Wed, 21 Mar 2001 10:45:28 -0500

  [Sorry I could not get this out BEFORE the First of April,
  as an early warning.  But it is still timely.  PGN]

I foresee a rash of social engineering set to happen in a few days.

In the USA we change to Daylight Savings Time (spring ahead) shortly after
the equinox.  By 1966 law, we begin observance on the first Sunday in
April, though Congress has a history of mucking about with that date.

This year, that also happens to be the first day in April.  In the US (and
other countries?) there is a long tradition of practical joking, social
engineering, and otherwise just plain messing with people on or around
April first.

I can see that this confluence is going to cause some amount of confusion,
as some people automatically disbelieve any official-seeming announcement
or notice that comes out on or in reference to April 1.  Exchanges of the
form "Don't forget to set your clocks forward" followed by "yeah, right,
funny guy" will likely occur.

Most probably the incidents and losses will be minor and more likely
embarrassing than damaging; however, if I was going to try some kind of
social engineering feat I'd try to structure it so that it seemed an April
Fool's prank if I was caught.

--Alan Wexelblat

P.S. http://www.standardtime.com/ provides a good explanation of why DST
exists and why it's no longer useful.


More self-inflicted defense difficulties

<"Peter G. Neumann" <neumann@csl.sri.com>>
Thu, 29 Mar 2001 14:57:22 PST

On 26 Mar 2001, two U.S. F-15 jets disappeared over Scotland, 45 minutes
after takeoff, each with just the pilot on board.  One plane was later
discovered near the 4,296-foot summit of Scotland's Ben Macdhui, in highest
range in Britain.

Also on 26 Mar 2001, a U.S. Army RC-12 reconnaissance plane crashed near
Nuremberg, Germany, killing its two pilots.
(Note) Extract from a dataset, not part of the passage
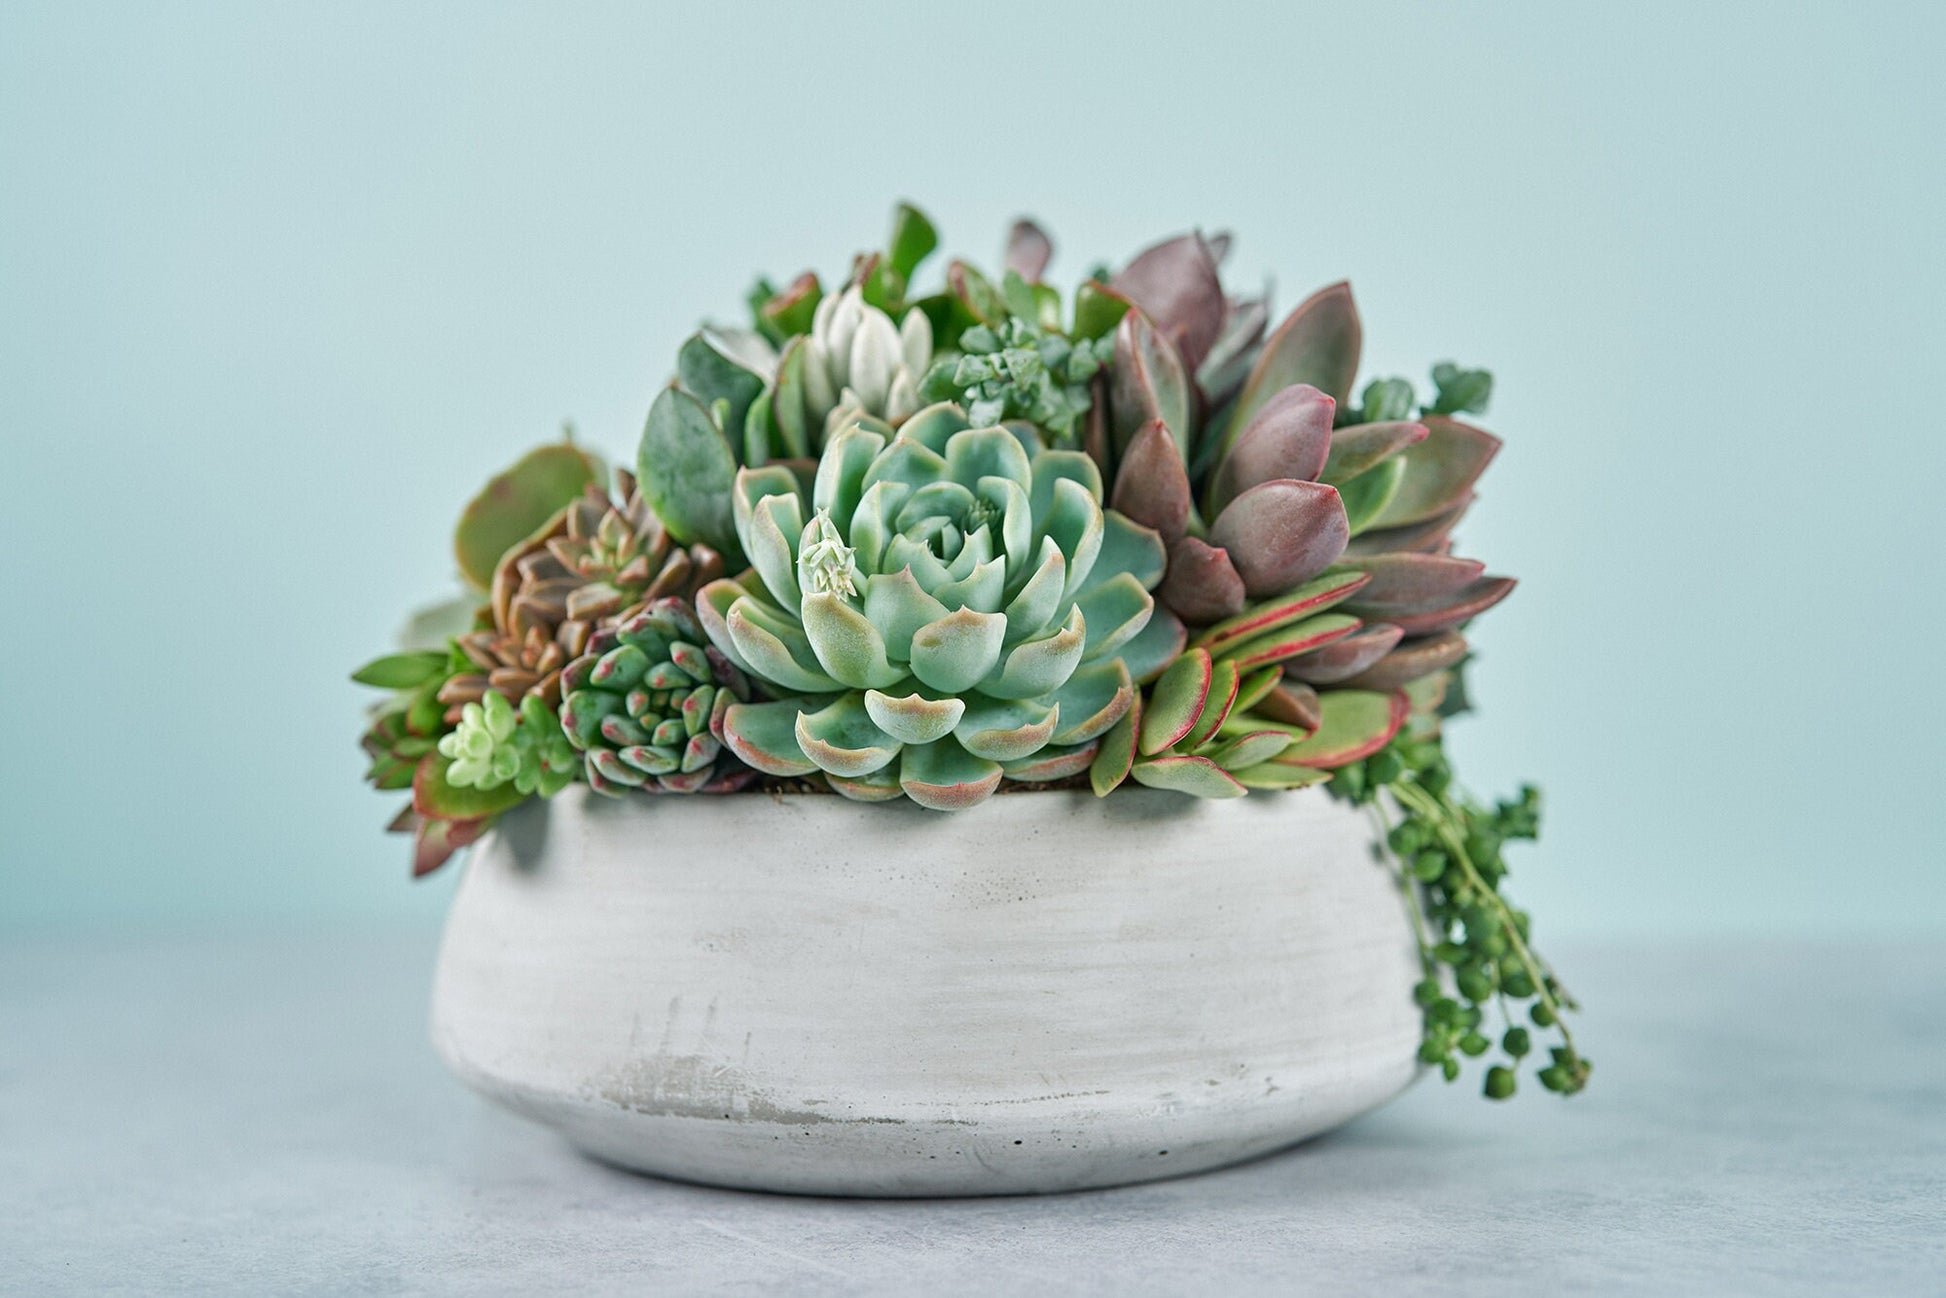 Concrete Bowl Succulent Arrangement | Floral Centerpiece | Earth Friendly Event Table Decor

In all, 58 military people were killed in the 12 months ending on 30 Sep
2000 (including 19 aboard the V-22 Osprey in April 2000, but not the four
marines killed on 11 Dec 2000, noted in RISKS-21.14).  Nevertheless, this
was reportedly the lowest military accident rate (1.23 per 100,000 flight
hours) ever recorded.  [Source: AP item, 28 March 2001]
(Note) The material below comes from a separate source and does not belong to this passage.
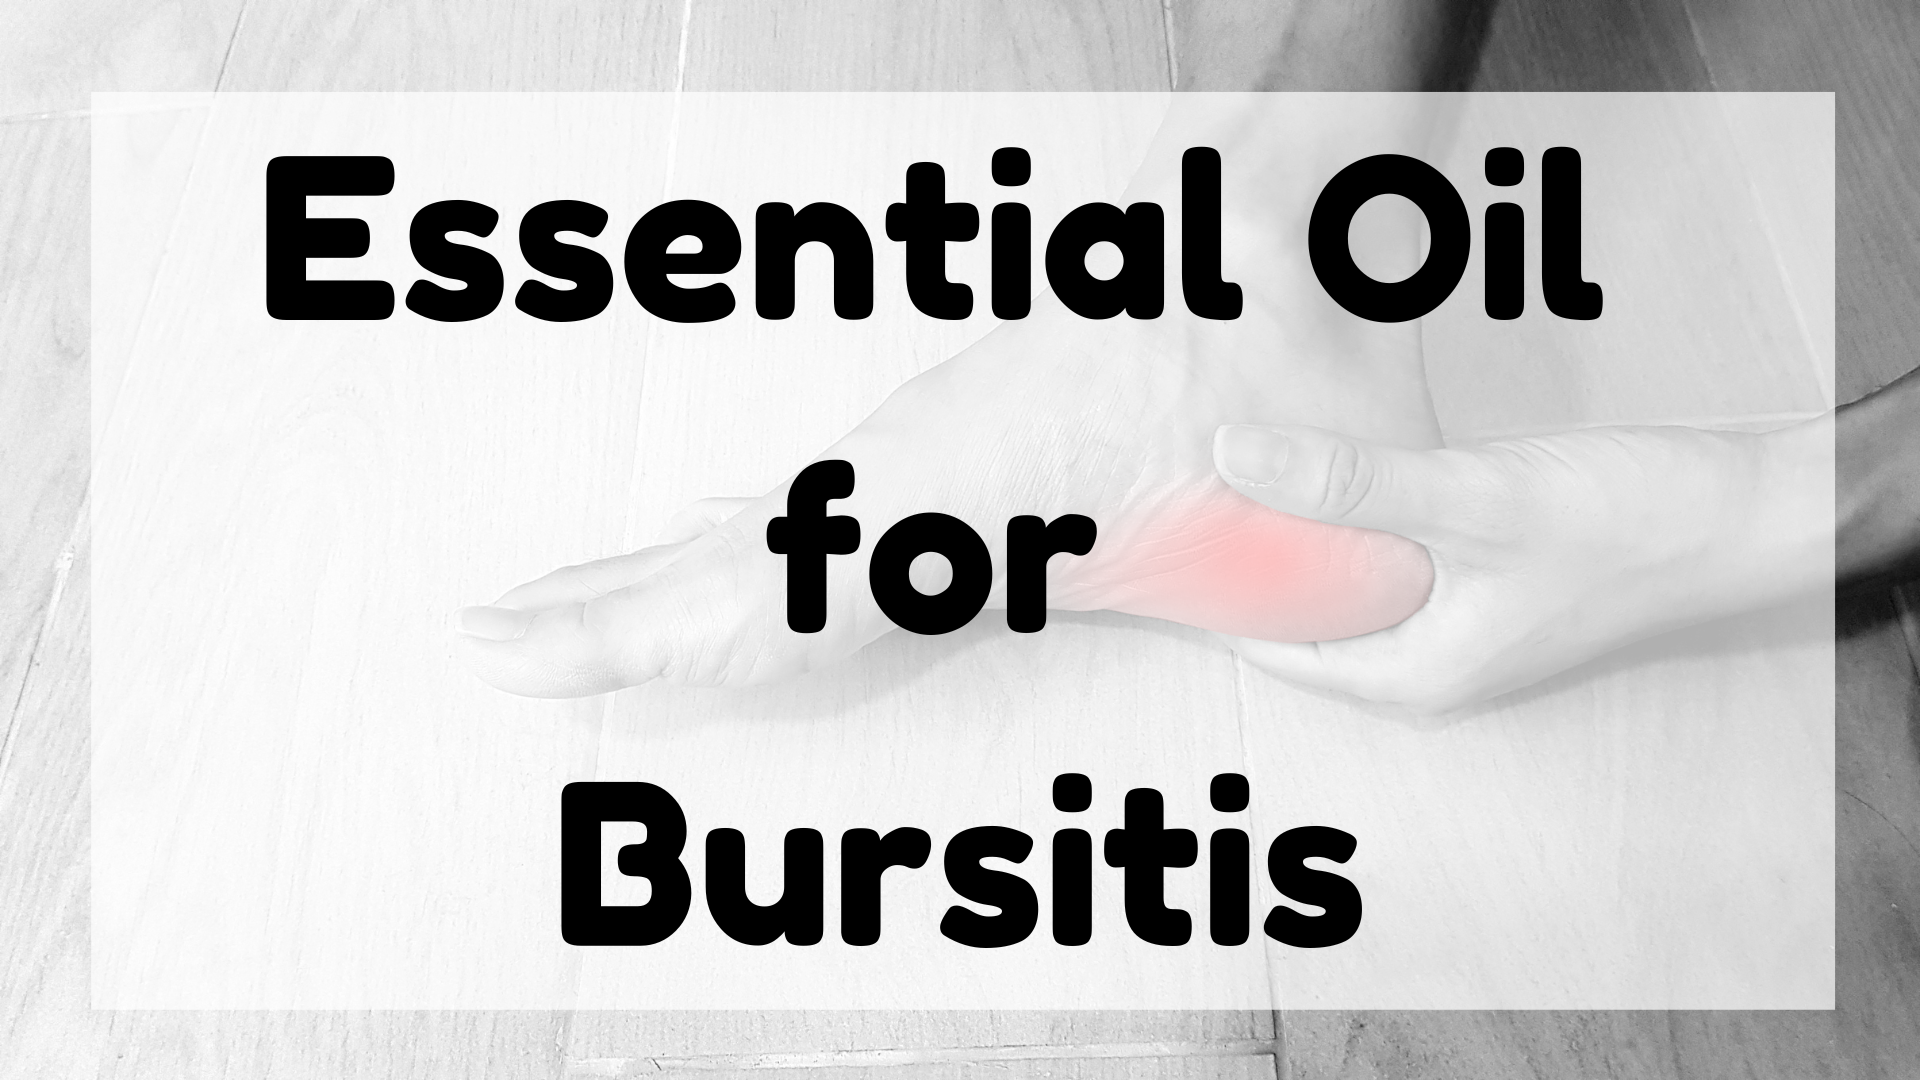 Essential Oil for Bursitis featured image

Also, a German military helicopter crashed in Peppen, Germany, on 27 Mar
2001, killing four.

Incidentally, RISKS has not previously noted the most unfortunate recent
U.S. submarine exercise that resulted in the sinking of a Japanese fishing
vessel.  Although the circumstances of that incident are still under
investigation, human mistakes seem to have been much more critical than any
direct implications of the computer-communication technology.  However, that
is of course a common thread among many of the life-critical incidents
reported in RISKS.


Classification of the Three Mile Island accident

<"Andrew Raybould" <arayboul@siac.com>>
Mon, 26 Mar 2001 10:52:01 -0500

This week marks the 22nd anniversary of the Three Mile Island accident, and
while reflecting on that event, it occurred to me that describing it as a
Loss of Coolant Accident (LOCA) doesn't really capture its true nature.
Fundamentally, it was what might be called a Loss of Comprehension Accident:
a minor and correctable problem became the accident it was because neither
the plant's operators, nor the increasingly-senior engineers and managers
brought in as the situation deteriorated beyond recovery, understood what
was happening.

This sort of problem has probably been with us since the development of
organized warfare, but it has increasingly become an issue for ordinary life
as complex control systems have proliferated, starting with railroad
switching and signaling. There is, I understand from this forum and
elsewhere, some concern over whether today's pilots can fully understand
their increasingly-complex airliners (I recall a news item in which the
interviewee quoted pilots as saying things like "why did it do that?" "what
will it do next?" "how can we make it do..."). As the hardware becomes more
reliable, this type of accident becomes relatively more prevalent.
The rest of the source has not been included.